Fire The TSA
Air Travel: If a private company wasted billions of taxpayer dollars, hired workers who failed to do their job 95% of the time, and then forced people to wait in line for hours, how long do you think they’d be in business? So why is the TSA being treated any differently?
Over the weekend, 400 passengers missed their flights at Chicago O’Hare International Airport because they were stuck in a TSA line for up to three. Since February, roughly 4,000 passengers have missed flights waiting to get through security.
American Airlines says that, in March alone, 6,800 of its passengers were in TSA lines when their flights left.
There’s even a #IHateTheWait hashtag on Twitter where people are sharing photos of airport security lines snaking around airports.
It’s almost as if the nation’s airports have turned into mini-Soviet Unions, where instead of waiting for bread, people stand in line for hours to be poked and prodded. In a sense, that’s correct, since Congress had the federal government take over airport security in the wake of 9/11.

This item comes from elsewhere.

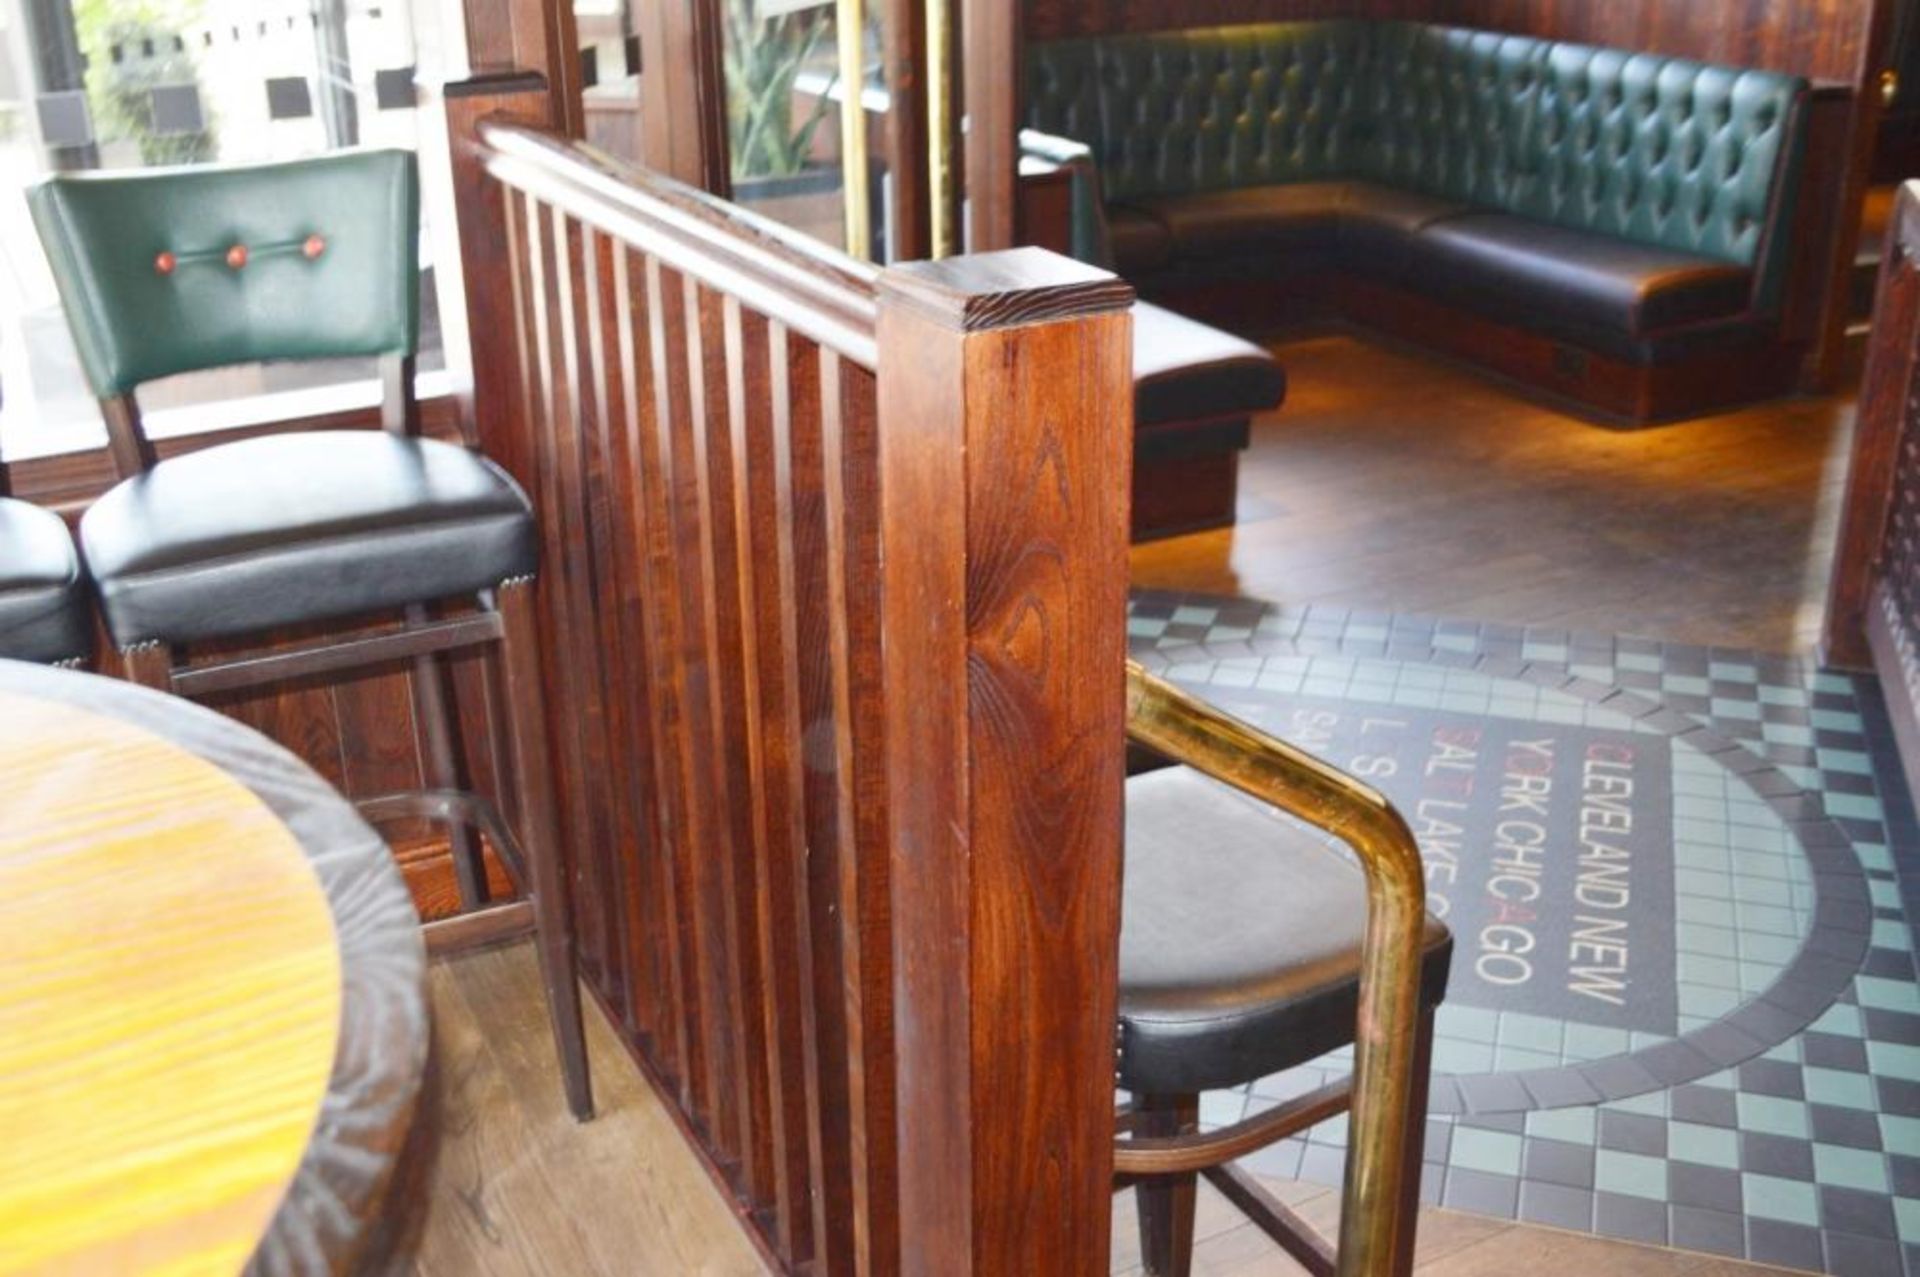 2 x Post Rail Dividers With Seating Bench and Brass Hand Rail - Mahogany Finish - H117 x W141cms - Image 2 of 6

Instead of superior service lawmakers promised, the public got incompetence, waste and fraud.
The TSA, naturally, blames budget cuts for the current mess. It says staffing is down 10% since 2013, while air travel is up 15%. The mainstream press has bought this line, but as we noted in this space recently, but as we pointed out in this space recently, it is a completely bogus claim.
The better measure of the TSA’s budget is from before Obama flooded the agency with stimulus money. The TSA’s budget today is 9% higher than it was in 2007, and its full-time workforce is up by 4.3%. Over those same years, the number of passengers going through major airports dropped 7 %, and the number of commercial flights fell 22%. Plus, the TSA is responsible for fewer airports today than in 2007.
This is to say nothing of the fact that the TSA has over the years wasted vast sums of money. Last year, for example, we learned that the TSA blew $160 million on body scanners that failed 96% of the time.
As 2012 report from the House Oversight and Government Reform Committee found hundreds of millions of dollars in waste. The investigation found, for example, that the TSA spent $44 million on “explosive trace detectors” that it didn’t need.
More recently, TSA reportedly spent $336,000 to develop an iPad app that randomly displays a left or right arrow to direct passengers.
It should be clear to anyone who has taken even a cursory look at the TSA that its problem has nothing to do with funding, and everything to do with government incompetence. Even the liberal Vox.com has concluded that “TSA is a waste of money that doesn’t save lives.”
More money will not solve these problems.
Instead, Congress should move to kill TSA entirely, and shift back to private airport screeners that are regulated by the government. Several airports — mostly smaller regional ones — have already done this on their own, but since it means adding operations costs, bigger airports are understandably reluctant to follow suit.
Creating the TSA was a huge mistake made in haste after 9/11. It’s time for Congress to rectify that mistake.